I was asked once by a mn group. I was so sad. It showed me I came across in a way I didn't like nor want, so I thought about it and tried to change.
I think often it's just rude, sometimes it's meant well.

I’m sorry you had that experience, and found it upsetting. I admit I do tend to classify certain behaviours that I find difficult to navigate in an ‘I wonder’ kind of way. I don’t think I’ve ever asked. Just rephrased what I was saying with that in mind, in case neurodiversity was influencing the miscommunication.

BargainaciousBargains · 07/05/2024 19:38

This reply has been deleted

Message deleted by MNHQ. Here's a link to our Talk Guidelines.

Nope, as someone with Autism, I much prefer being asked a direct question rather than couching things in vague terms and risk losing all the meaning. 🤷🏻‍♀️

Havesome2024 · 07/05/2024 19:46

I wouldn’t take it as an insult as most of the people I love are, and they are all very intelligent.

TinkerTiger · 07/05/2024 19:54

Oblomov24 · 07/05/2024 18:42

I was asked once by a mn group. I was so sad. It showed me I came across in a way I didn't like nor want, so I thought about it and tried to change.
I think often it's just rude, sometimes it's meant well.

That is odd. If someone asked if I was autistic I’d say ‘no’ or ‘I don’t think so’.

I wouldn’t feel sad and think I come across in an unlikeable way, because I don’t have that opinion of autistic people.

k1233 · 07/05/2024 20:40

To me it says that your responses aren't what the person asking considers "normal" ergo you must be autistic as that is the only explanation for the difference. To me that is rude.

Then again, I think any personal questions are rude if you don't know the person eg asking a person in a wheelchair what happened to them etc. It's rude and prying and none and of your business.
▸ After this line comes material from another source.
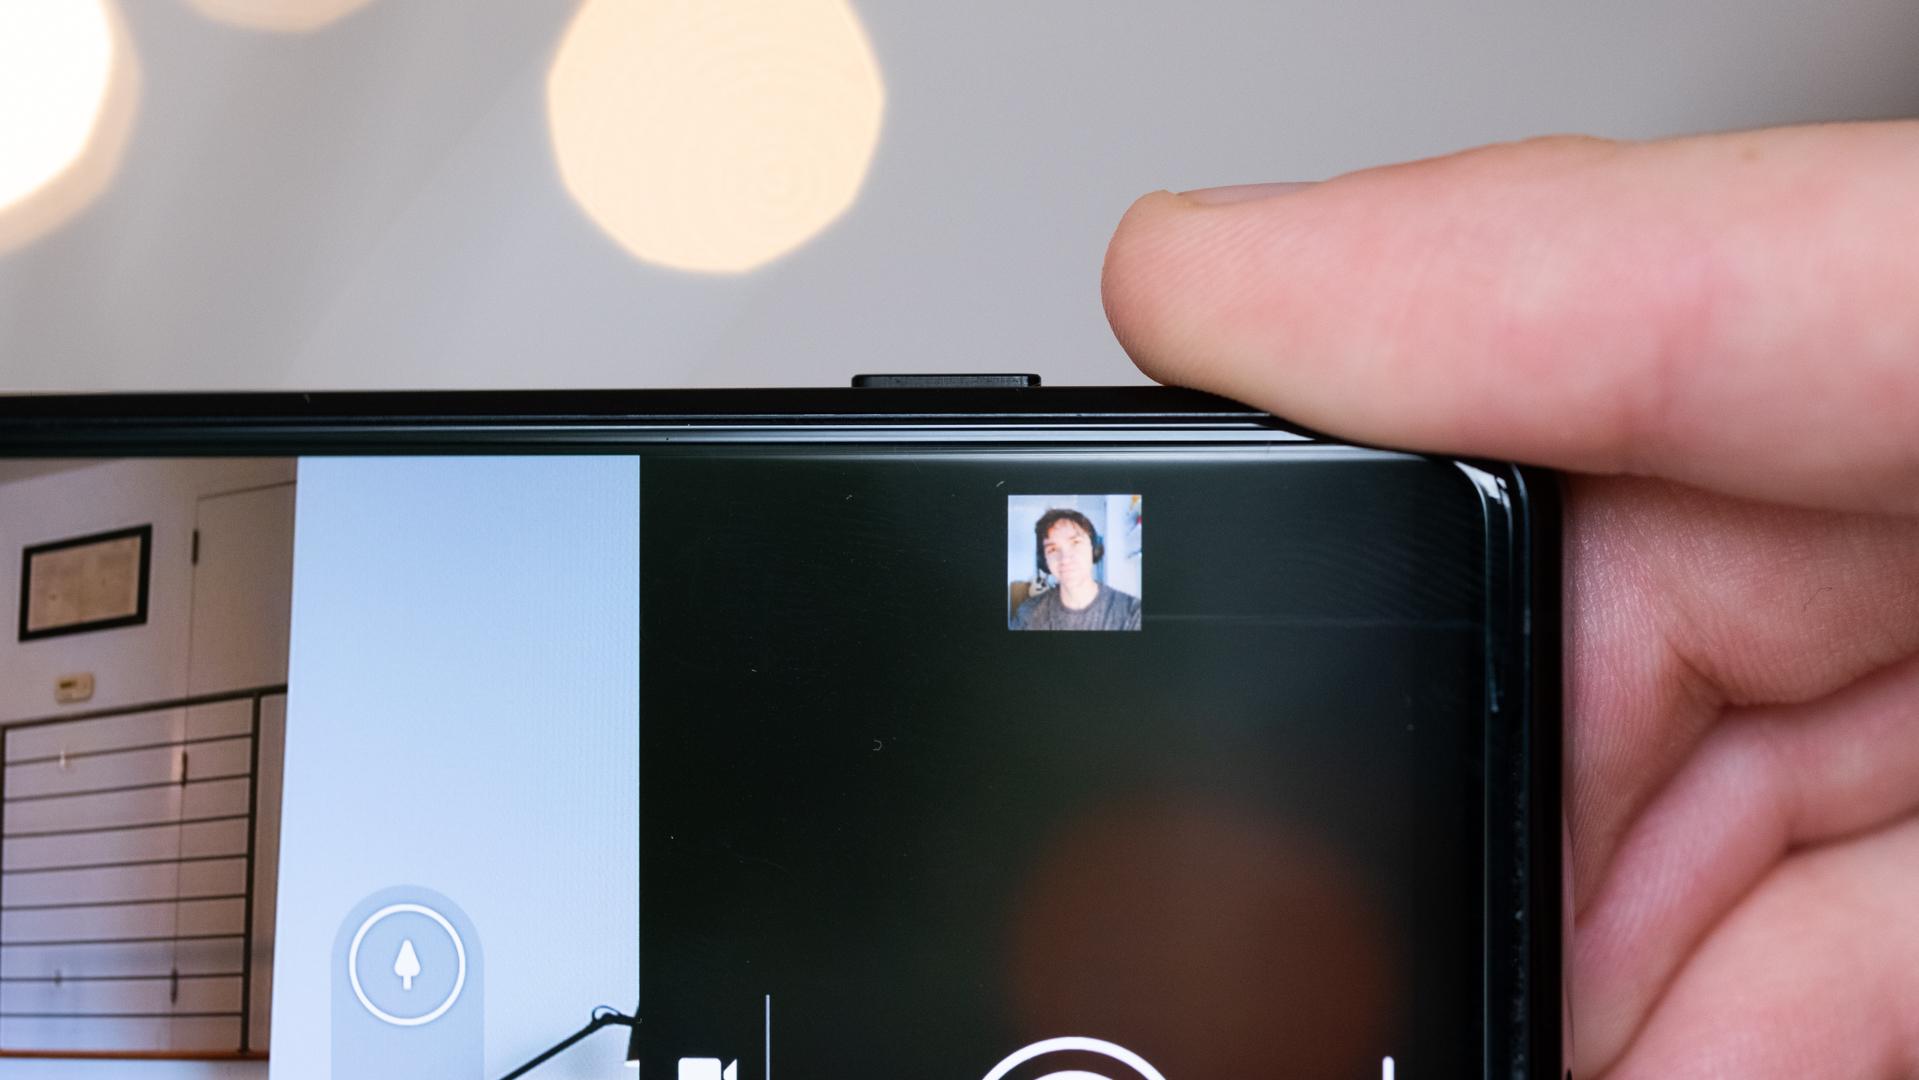 Sony Xperia 1 II dedicated camera shutter

randomfemthinker · 07/05/2024 20:47

I think it depends on the context and intention over how - or why - it is asked? I see neurodiversity as a different way the brain works to neurotypical as a factual thing in the sense of it's just another part of us that makes us different or the same. So like age/gender/job/location, etc. I do understand why people could be unsettled by the question or find it rude (especially if someone noticed something about them that the person hasn't explored yet) but as well, as a ND person myself, I think it's good if we can see it as normal for people to wonder it on the road to acceptance of those of us wired differently. So just a layer of who we are, not something to be ashamed of.

Pantaloons99 · 07/05/2024 20:51

@Gingerkittykat I hear you, you're right. I don't know enough about the statistics but understand that for so many there are a great deal of struggles. Every Autistic person is entirely different so it's not right to generalise; yet we do.

I think the point I was trying to make is more about it being offensive or that because someone is Autistic they are automatically defective or less than - which they are not.

As other posters have said, context is important along with tone, delivery and intent when asking that question.

Supersimkin2 · 07/05/2024 20:58

On MN ND or mental illness is seen as an added extra, like a bag charm.

‘’As ‘e got mental health?!?’

Weevle84 · 07/05/2024 20:59

This reply has been deleted

Message deleted by MNHQ. Here's a link to our Talk Guidelines.

Wtf?? It’s the same as saying are you stupid??? As an Autistic adult and the mother of an autistic child I find this comment very rude.

Asking someone if they are autistic is not offensive and if you think it is then you must see being Autistic as offensive and “less than” being neurotypical.